Two years ago Silman moved from Bat Yam to Haifa. As his economic situation deteriorated he became more and more involved in the protests in Haifa. The activists he met at the protest tent on the Carmel last summer became his best friends. “He was a man of action. He said you have to be political and get elected anywhere possible,” said Yossi Baruch, a Haifa activist.

According to friends, Silman lives in a neglected two-room apartment on the edge of the poor Wadi Salib area of the city. The refrigerator is empty. The neighbors do not know him at all.

Friends say he believes in action and took his belief to the extreme. He was born in Israel, and has two sisters, Bat Zion Elul from Rishon Letzion and Naomi Angel, a member of Kibbutz Ma’agan Michael. Angel would visit him in Haifa from time to time, always bringing food. Elul said yesterday of her brother: “He was in despair. He was mired in debt. Until the last moment we helped him. But he didn’t want it. Since the day he lost everything, the day they took everything, the house, his trucks, the money, my parents’ house, he has been going downhill.”

Silman never married and had no children and so his request for public housing was repeatedly denied. He worked at odd jobs and spent a few years in the United States. On his return, he established a messenger service and things finally began to look up. But then, toward the end of 2000, his business was hurt by the outbreak of the second intifada. He moved the business to a smaller warehouse and his office to his home in Jaffa. It later turned out that the National Insurance Institute’s debt notices never reached him, because they were sent to his former address. In 2002, the institute seized one of the four trucks he used for his company. The reason: a debt of NIS 15,000. Silman paid a third of the debt to reclaim his truck, but then he was asked to pay a further NIS 1,200 to cover towing expenses. Silman could not reclaim the truck due to a strike at the institute, and says that it led to the business’ collapse. Later, in 2005, he was forced to evacuate his apartment.

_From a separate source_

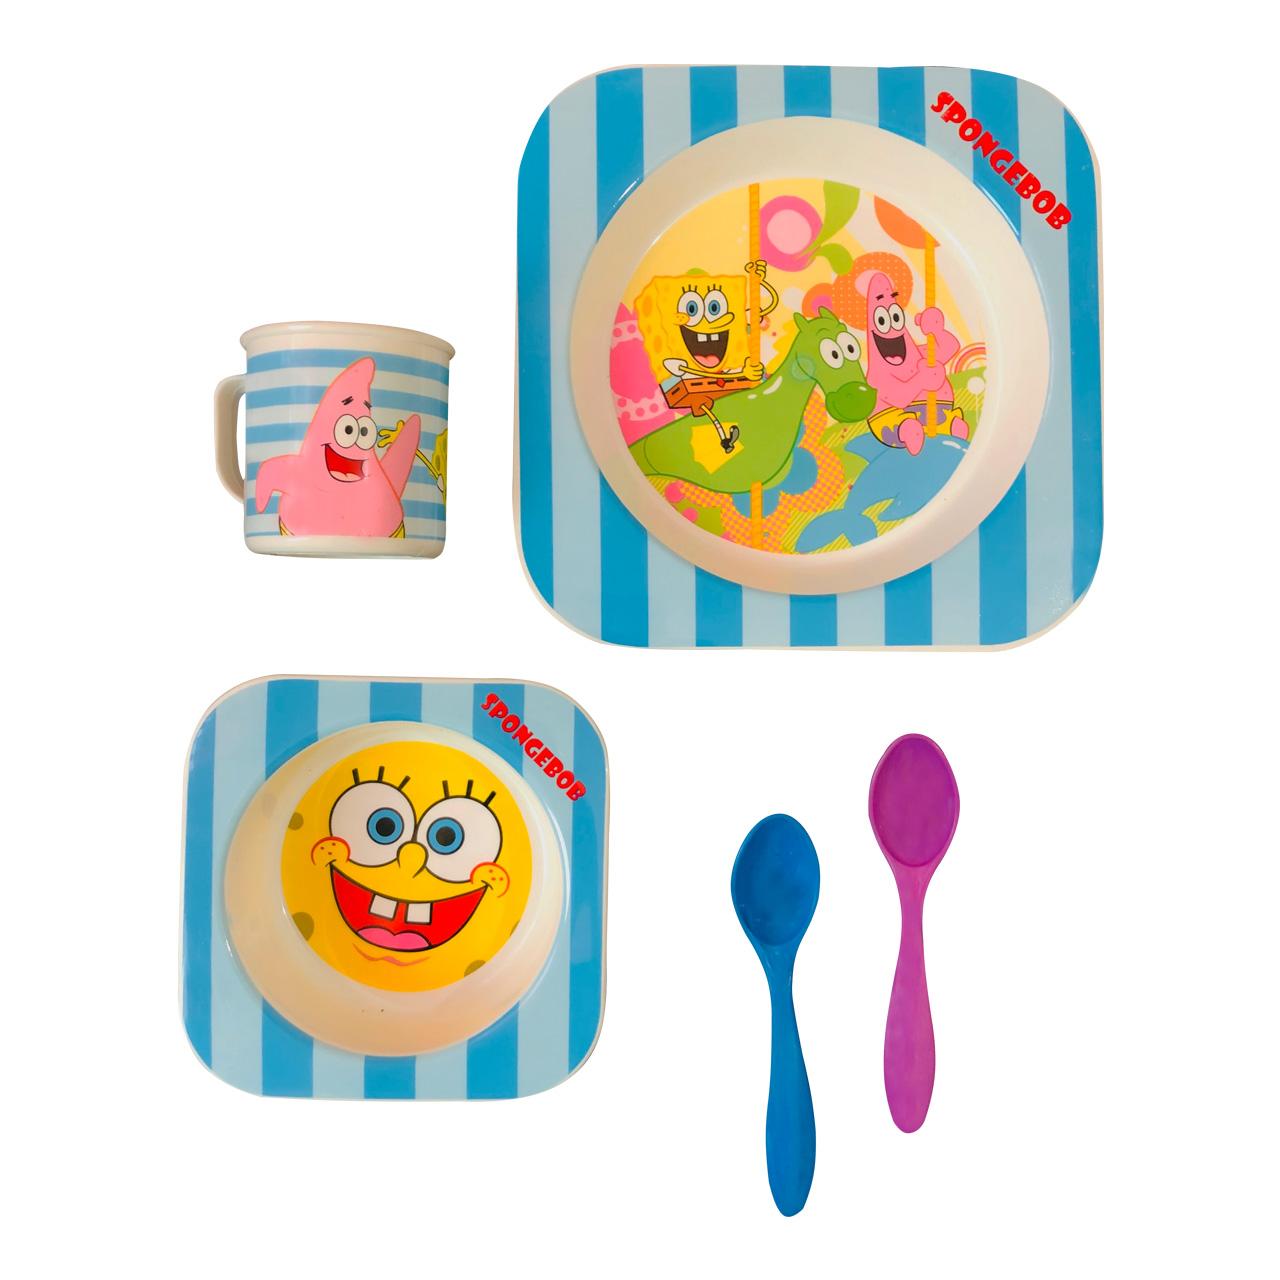 ظرف غذای 5 تکه کودک طرح باب اسفنجی کد SH-622

A history of court battles

Together with his mother, Sarah, Silman decided in 2008 to sue the National Insurance Institute. He and his mother claimed damages of NIS 8 million because of the seizure of his trucks that he said led to the loss of his business. But to file the suit he needed to pay a court fee, which he said he could not afford.

The court turned down his request to waive the fee and the case was never heard. The court registrar called Silman’s claim “baseless.” Silman appealed the decision to the Tel Aviv District Court, but it was turned down in 2010.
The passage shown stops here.